-- Stored data follows --

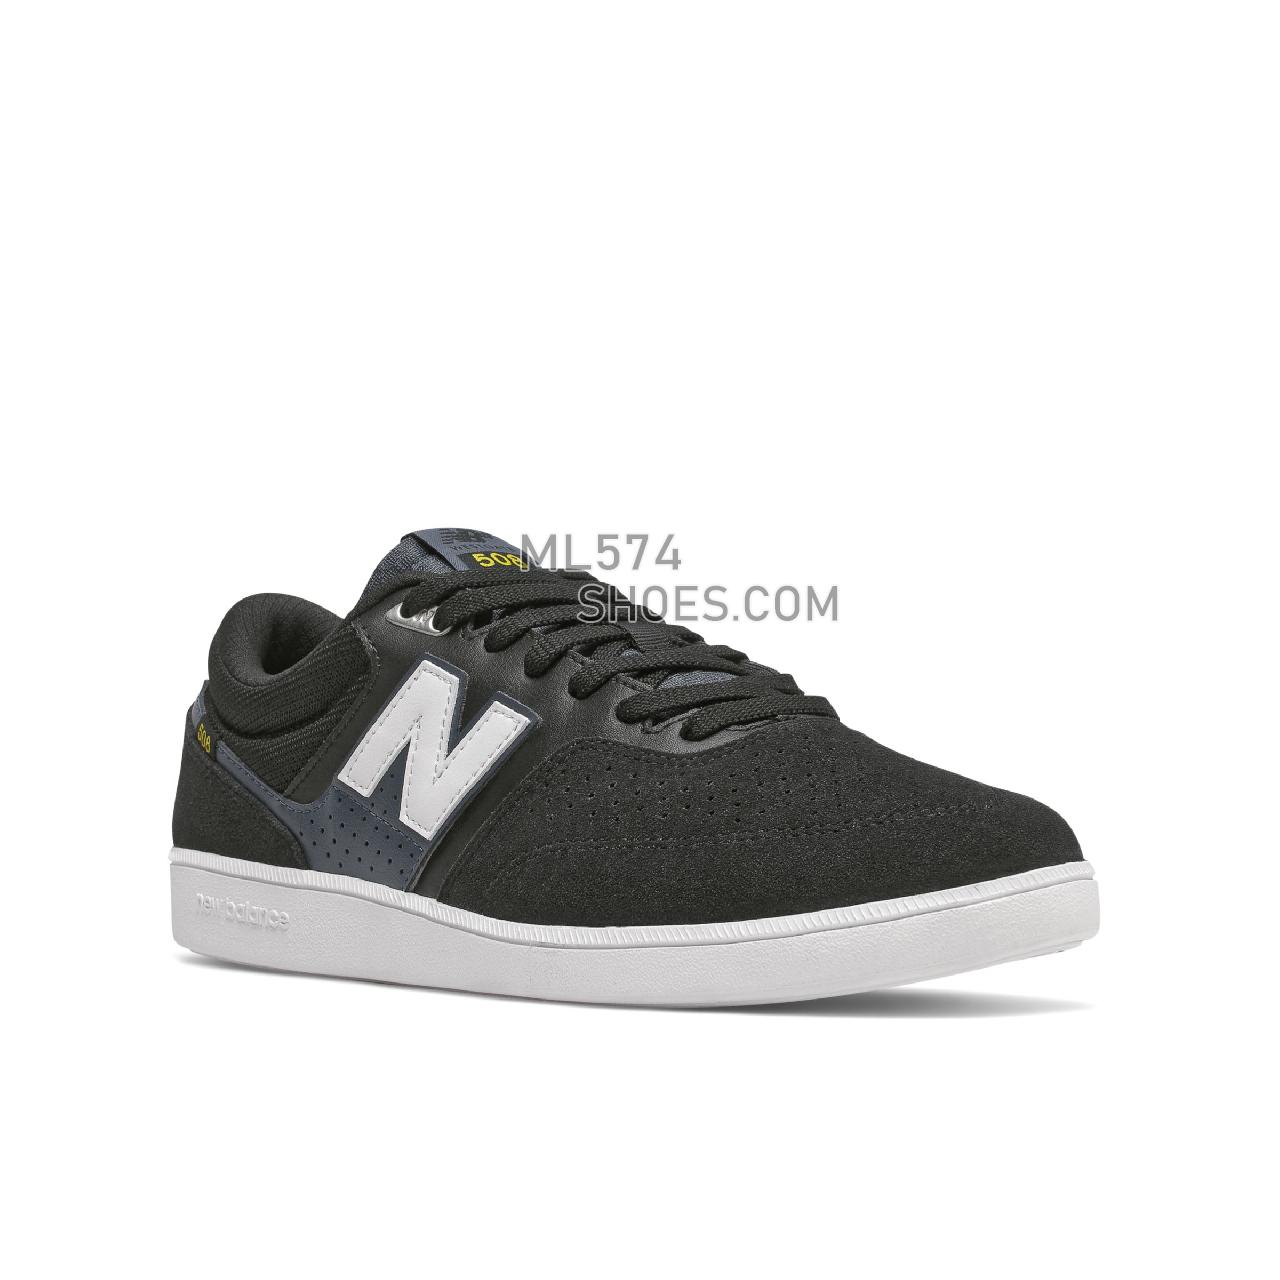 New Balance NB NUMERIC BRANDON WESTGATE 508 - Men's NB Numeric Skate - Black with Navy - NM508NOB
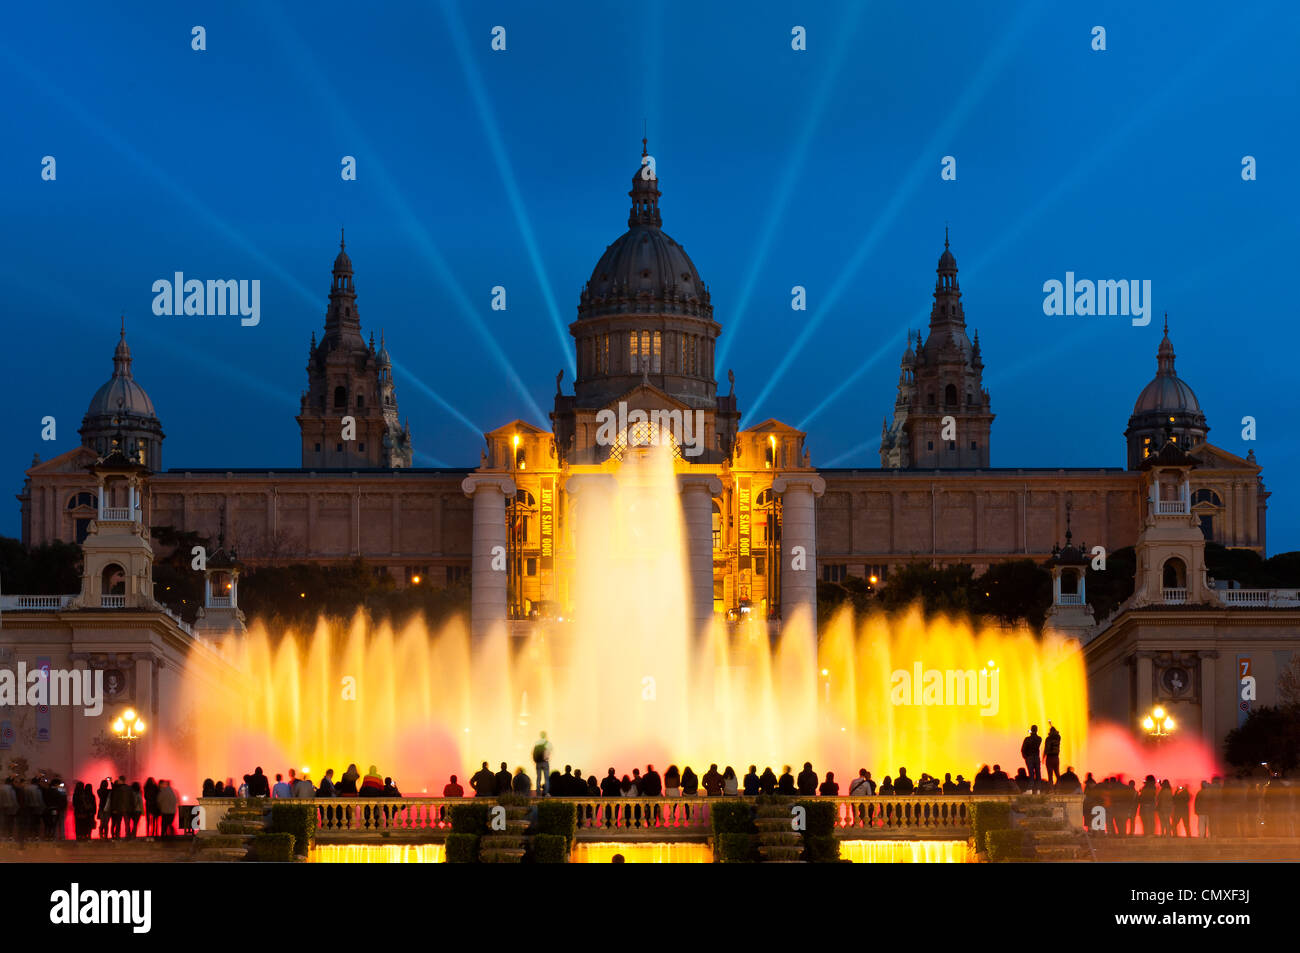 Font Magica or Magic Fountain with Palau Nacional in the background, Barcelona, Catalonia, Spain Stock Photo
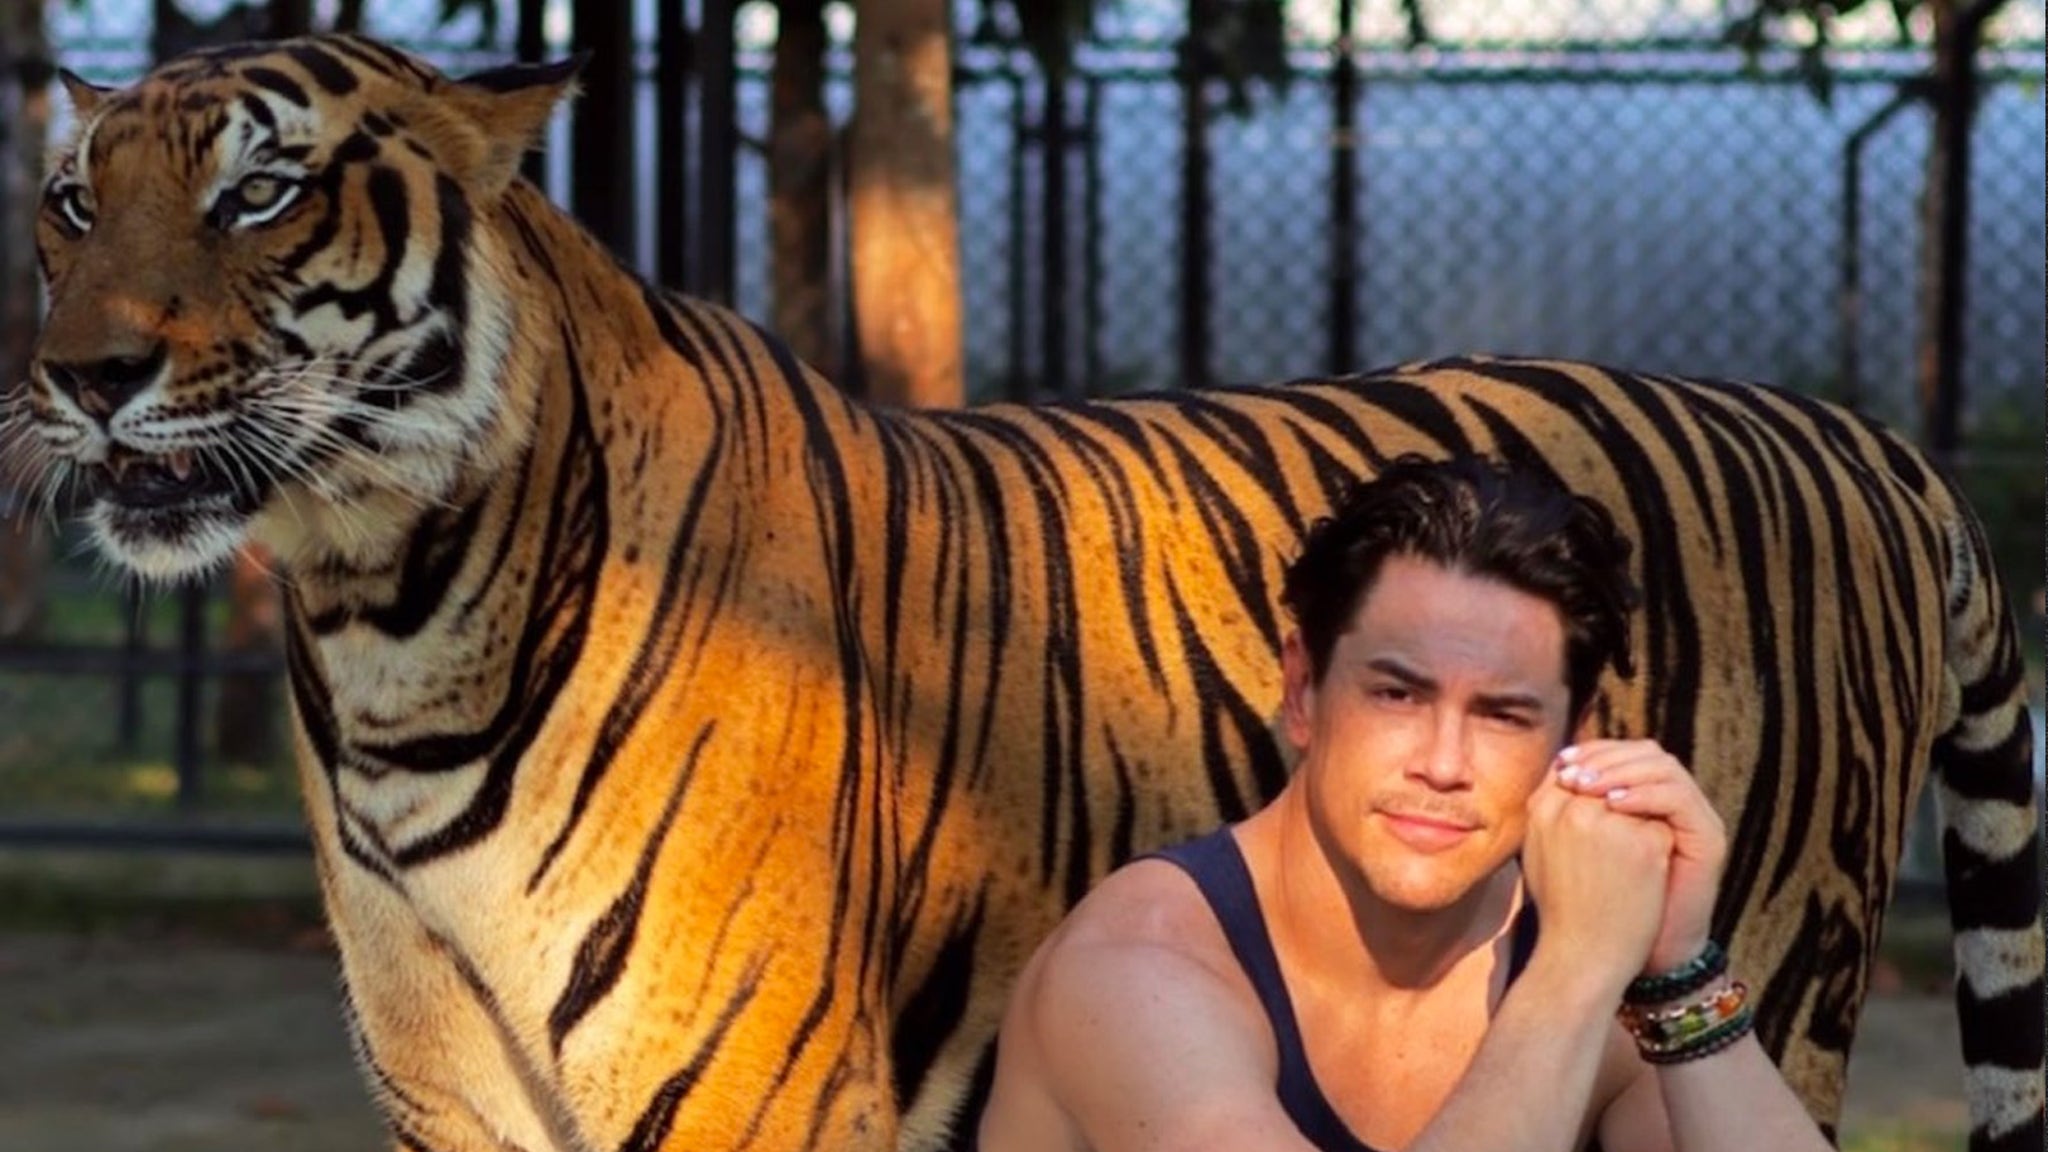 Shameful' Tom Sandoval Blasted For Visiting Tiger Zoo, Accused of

-- Stored data concluded --

--- Prompt ---
Please transcribe the listing exactly as it stands, but omit its pictures.

--- Result of this task ---
 New Balance NB NUMERIC BRANDON WESTGATE 508 - Men's NB Numeric Skate - Black with Navy - NM508NOB
 Font Magica or Magic Fountain with Palau Nacional in the background, Barcelona, Catalonia, Spain Stock Photo
 Shameful' Tom Sandoval Blasted For Visiting Tiger Zoo, Accused of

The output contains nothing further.